Methods— Rats were assigned to 1 of 4 groups: nondiabetic, diabetic, nondiabetic/enalapril-treated, and diabetic/enalapril-treated groups. Rats assigned to the nondiabetic groups were injected with vehicle (sodium citrate buffer), and rats assigned to the diabetic groups were injected with streptozotocin (50 mg/kg IP). Enalapril (10 mg/kg per day) was administered in the drinking water and coincided with the injection of vehicle or streptozotocin. Two to 3 months later, we examined responses of pial arterioles to nitric oxide synthase (NOS)–dependent agonists (acetylcholine and ADP) and a NOS-independent agonist (nitroglycerin). After these functional studies, we harvested cerebral microvessels for Western blot analysis of eNOS protein.

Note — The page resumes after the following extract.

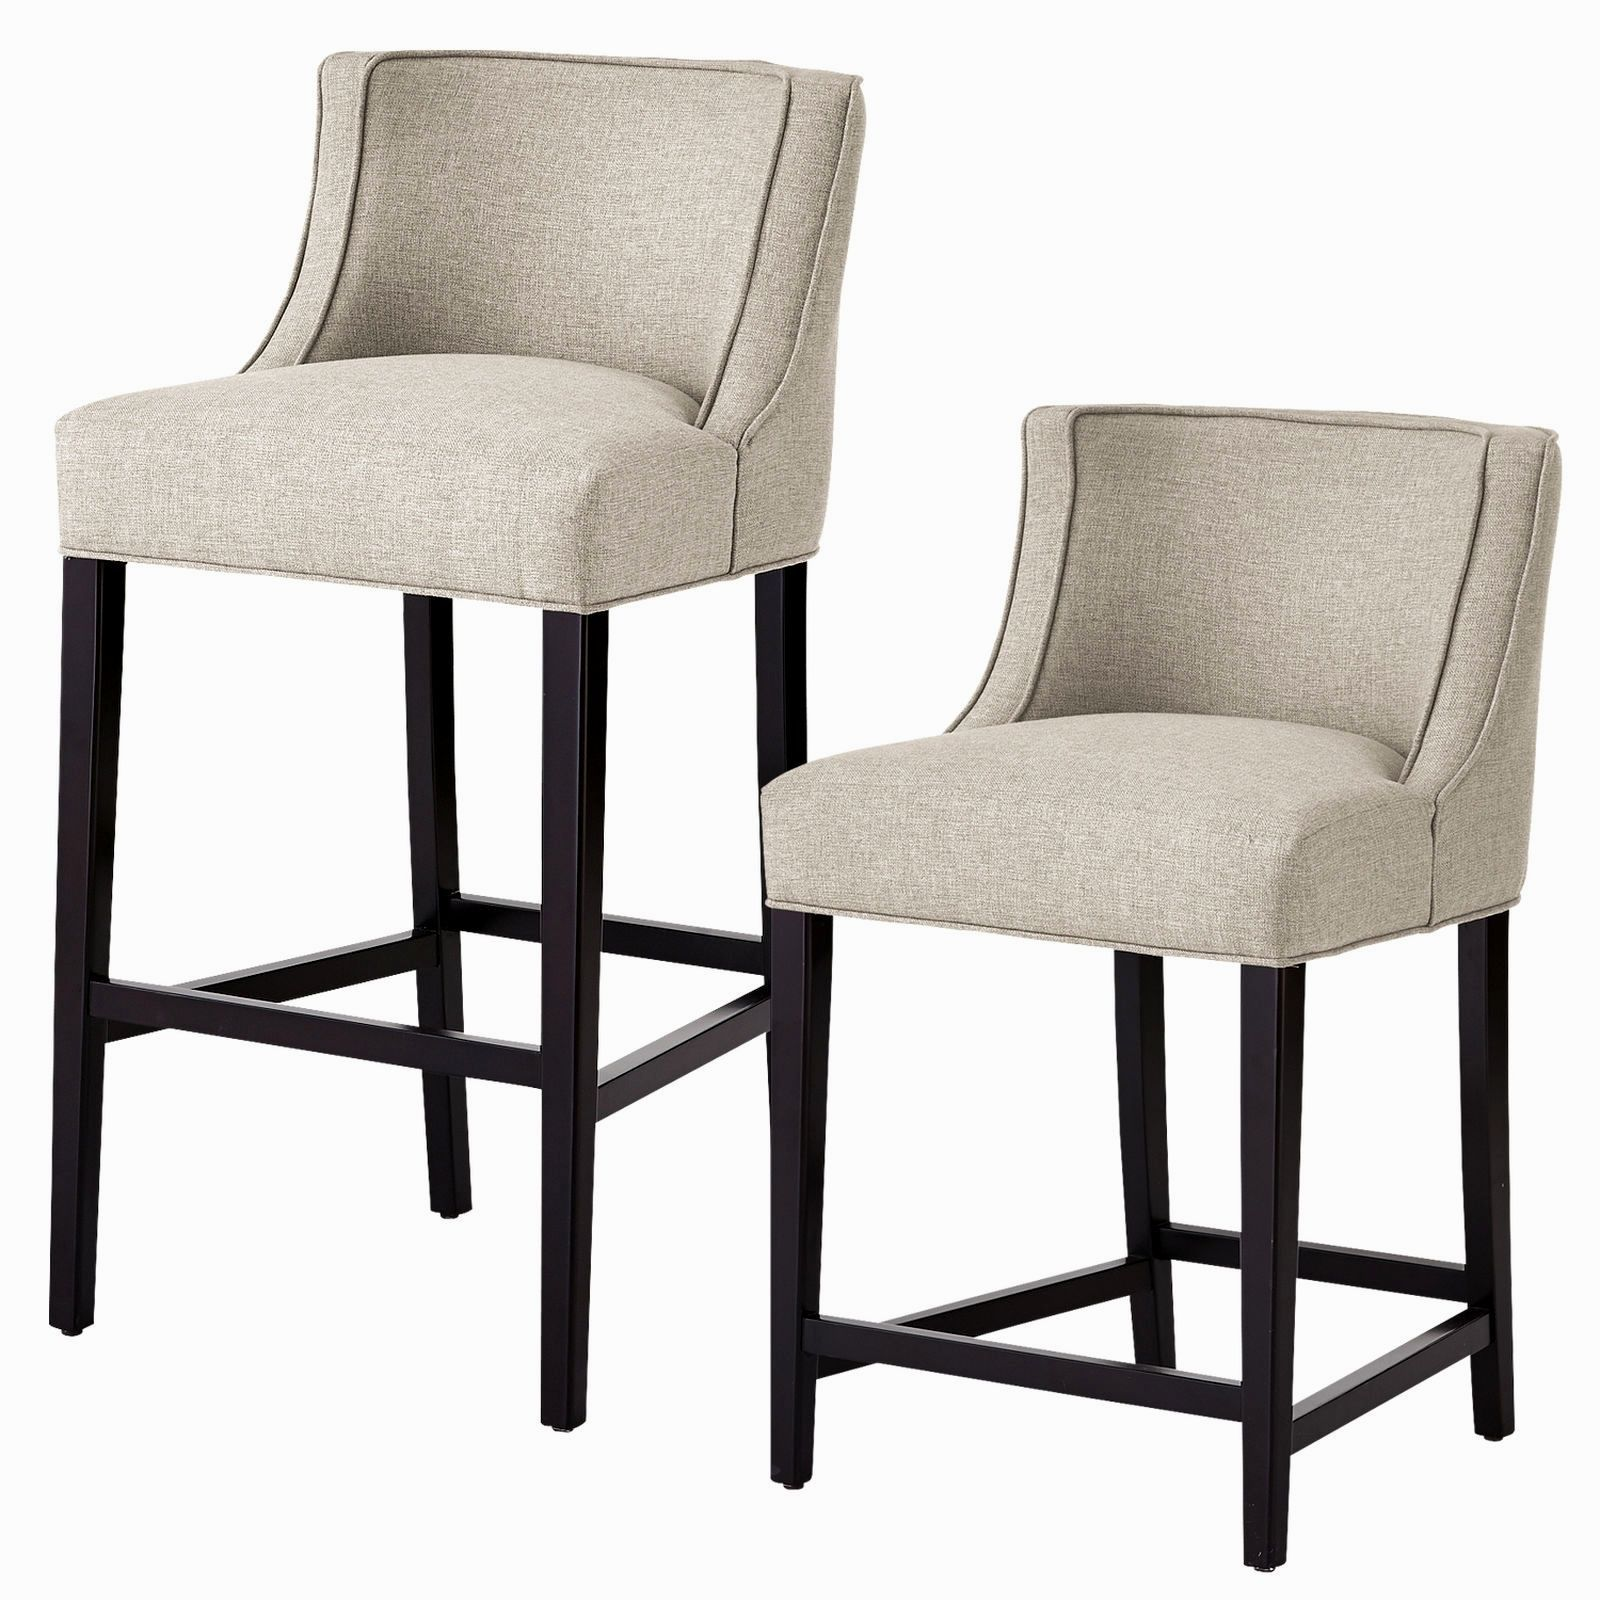 contemporary rustic modern furniture outdoor. Contemporary Rustic Modern Furniture Outdoor. 20+ Average Bar Stool Seat Height - Outdoor U

Results— We found that acetylcholine- and ADP-induced dilatation of pial arterioles was impaired in diabetic compared with nondiabetic rats. In addition, while enalapril did not alter responses in nondiabetic rats, enalapril prevented diabetes-induced impairment of NOS-dependent vasodilatation. Furthermore, eNOS protein was higher in diabetic than in nondiabetic rats, and enalapril did not produce a further increase in eNOS protein in enalapril-treated diabetic rats compared with untreated diabetic rats.

Conclusions— These results suggest that enalapril prevents cerebrovascular dysfunction in diabetic rats. We speculate that the protective role of enalapril may be independent of an alteration in eNOS protein in cerebral microvessels.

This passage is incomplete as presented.